Data provided:
========
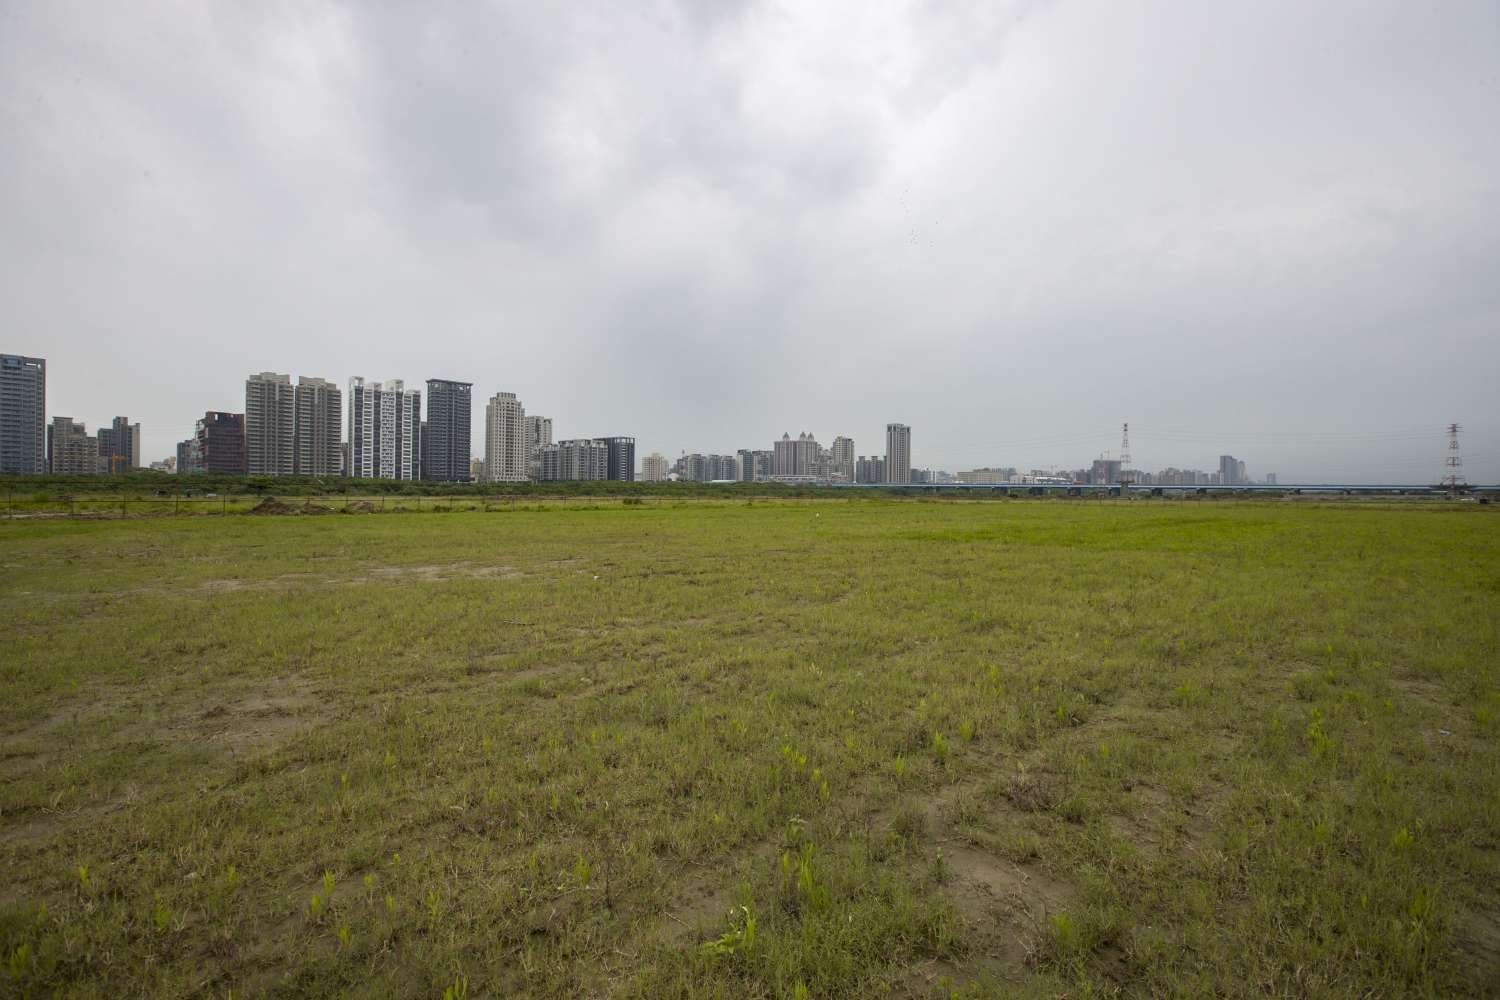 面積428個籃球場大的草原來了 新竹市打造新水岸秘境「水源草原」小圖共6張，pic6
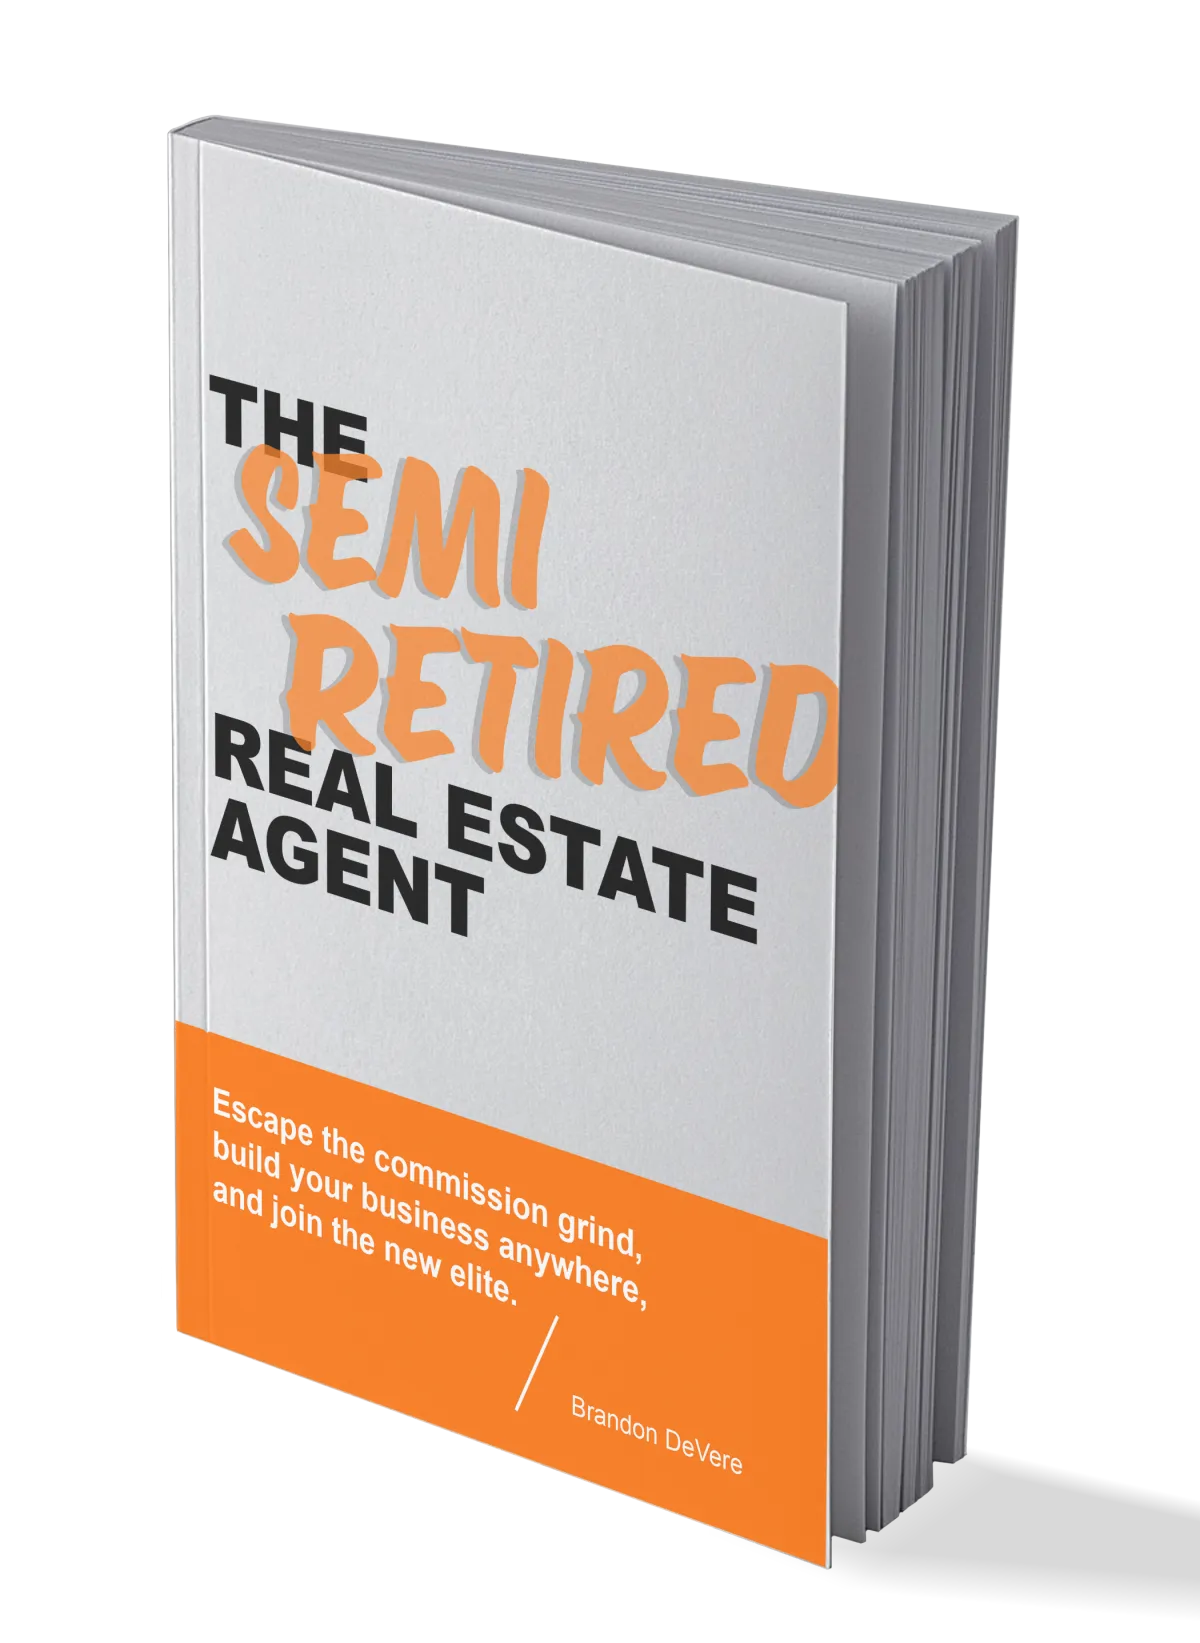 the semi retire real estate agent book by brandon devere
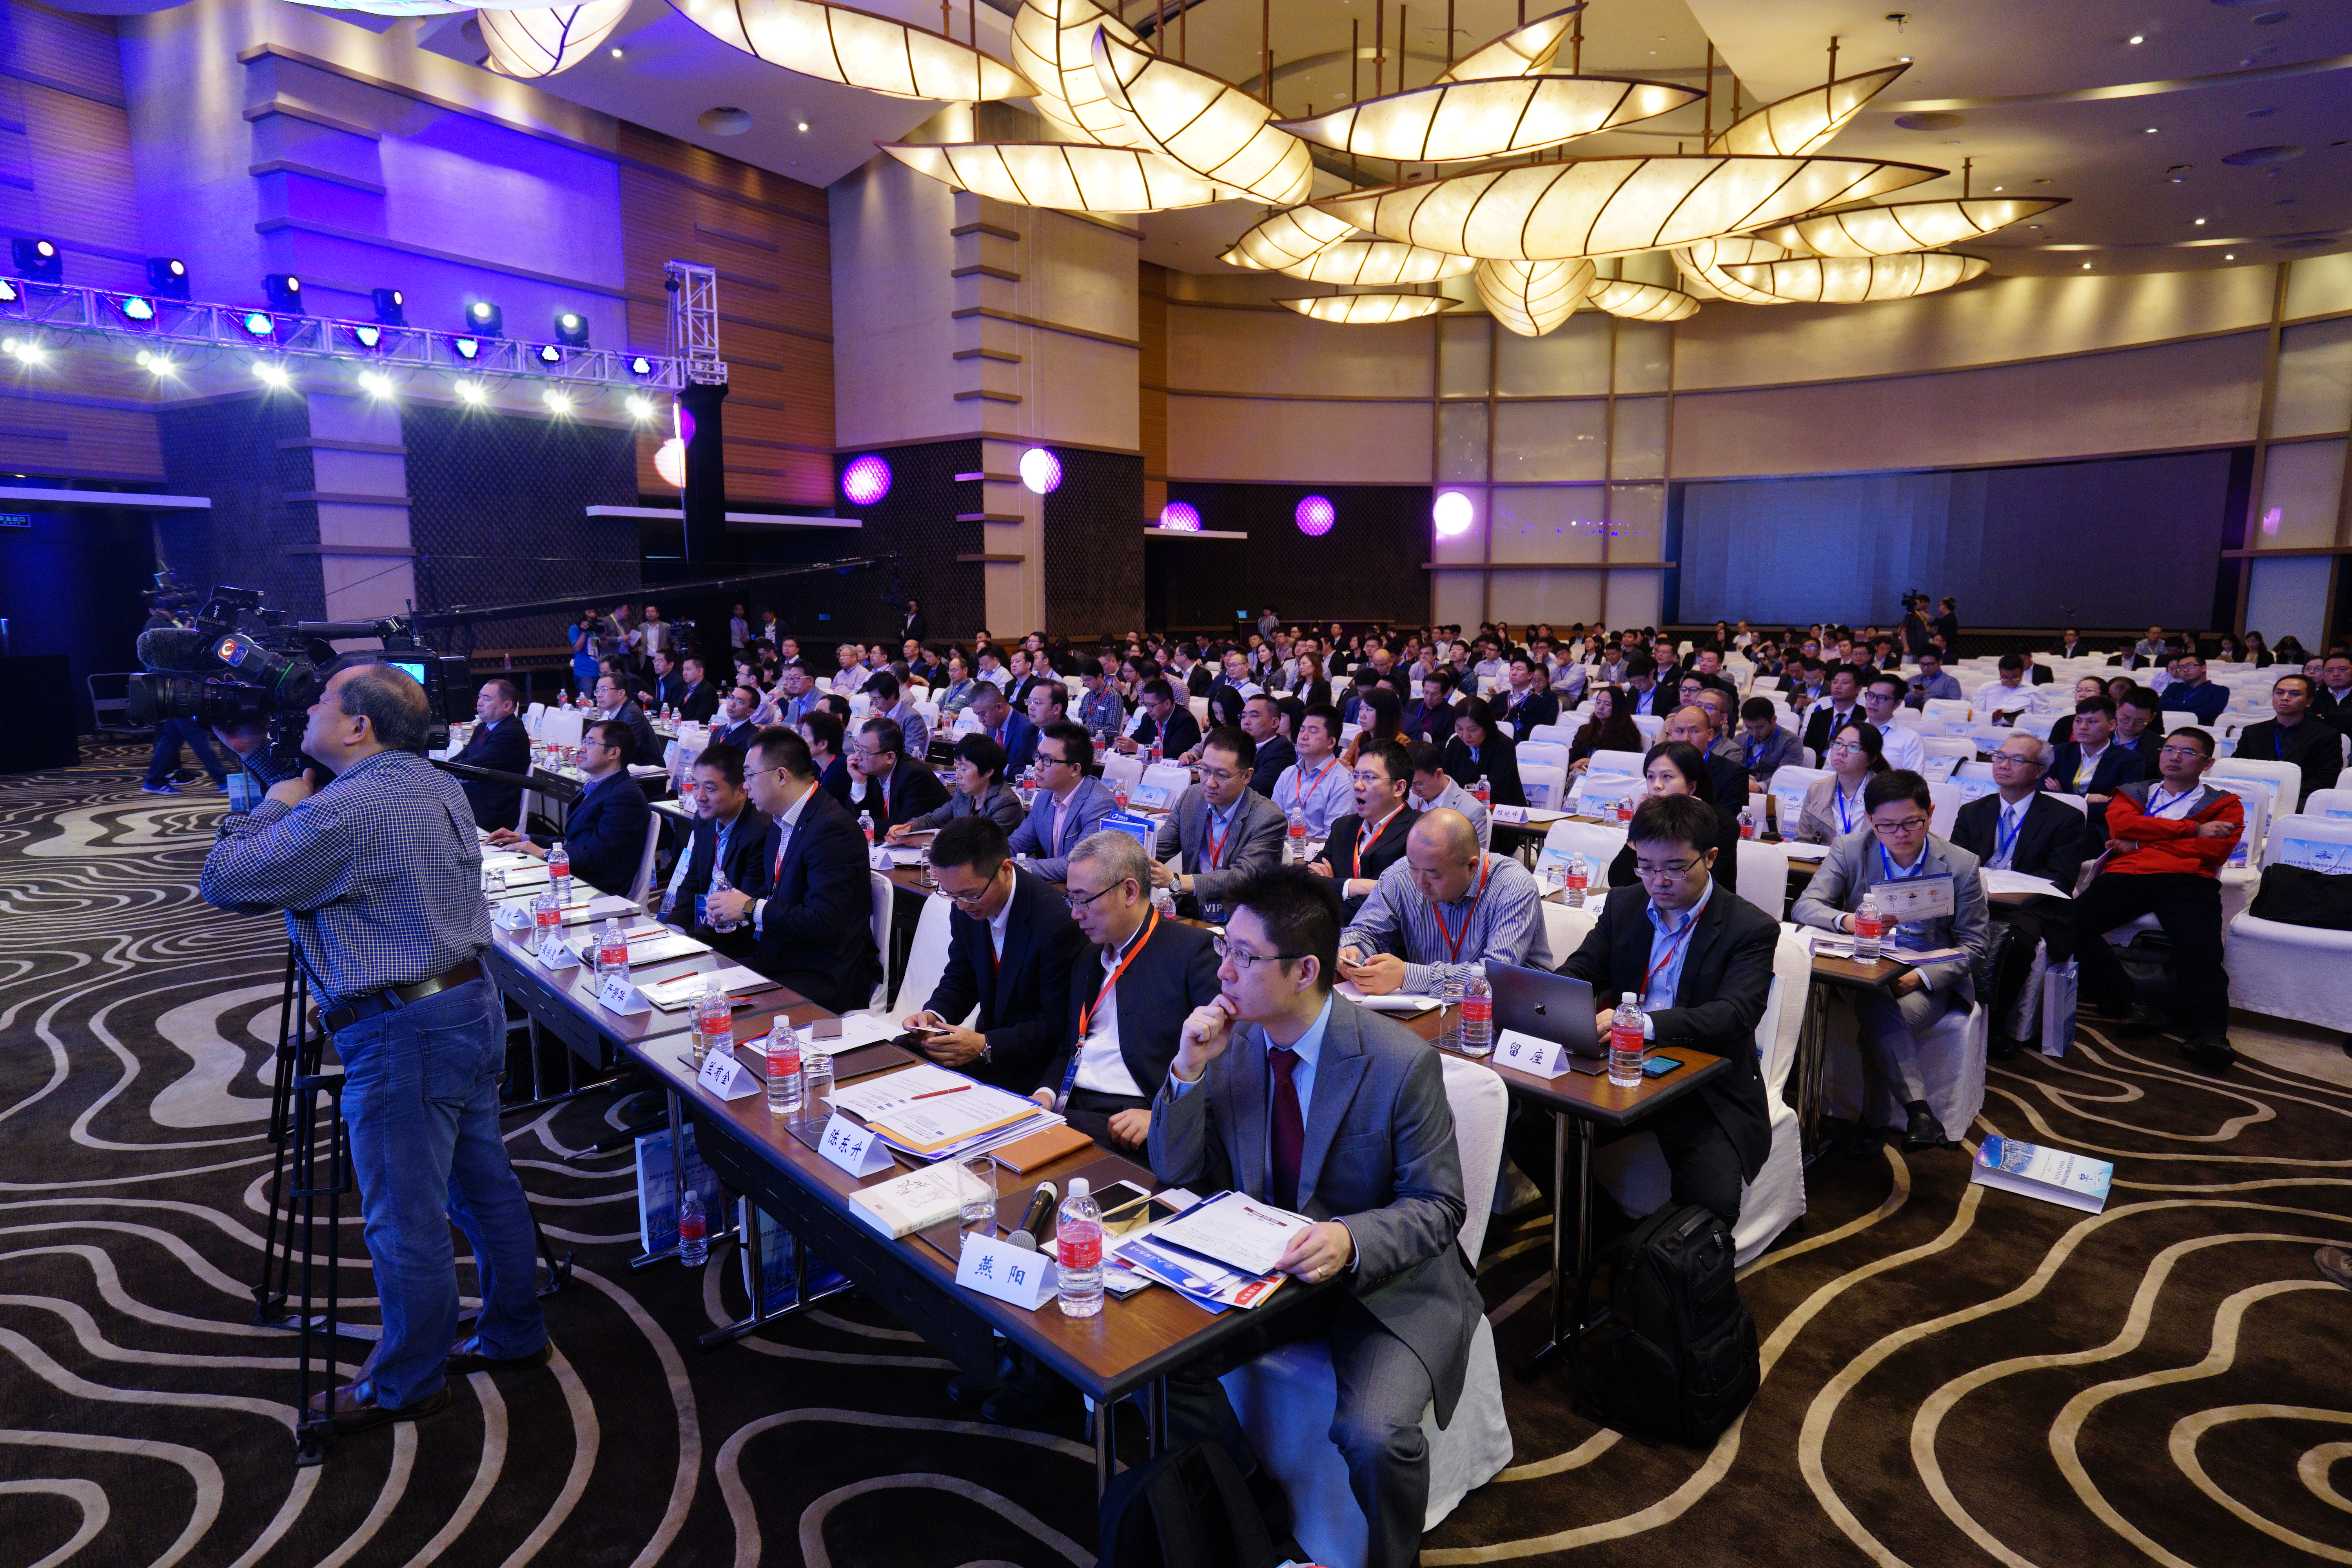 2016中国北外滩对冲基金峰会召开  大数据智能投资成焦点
========
How to complete this task: Set the listing down verbatim, excluding pictures.

Output of the task:
 面積428個籃球場大的草原來了 新竹市打造新水岸秘境「水源草原」小圖共6張，pic6
 the semi retire real estate agent book by brandon devere
 2016中国北外滩对冲基金峰会召开  大数据智能投资成焦点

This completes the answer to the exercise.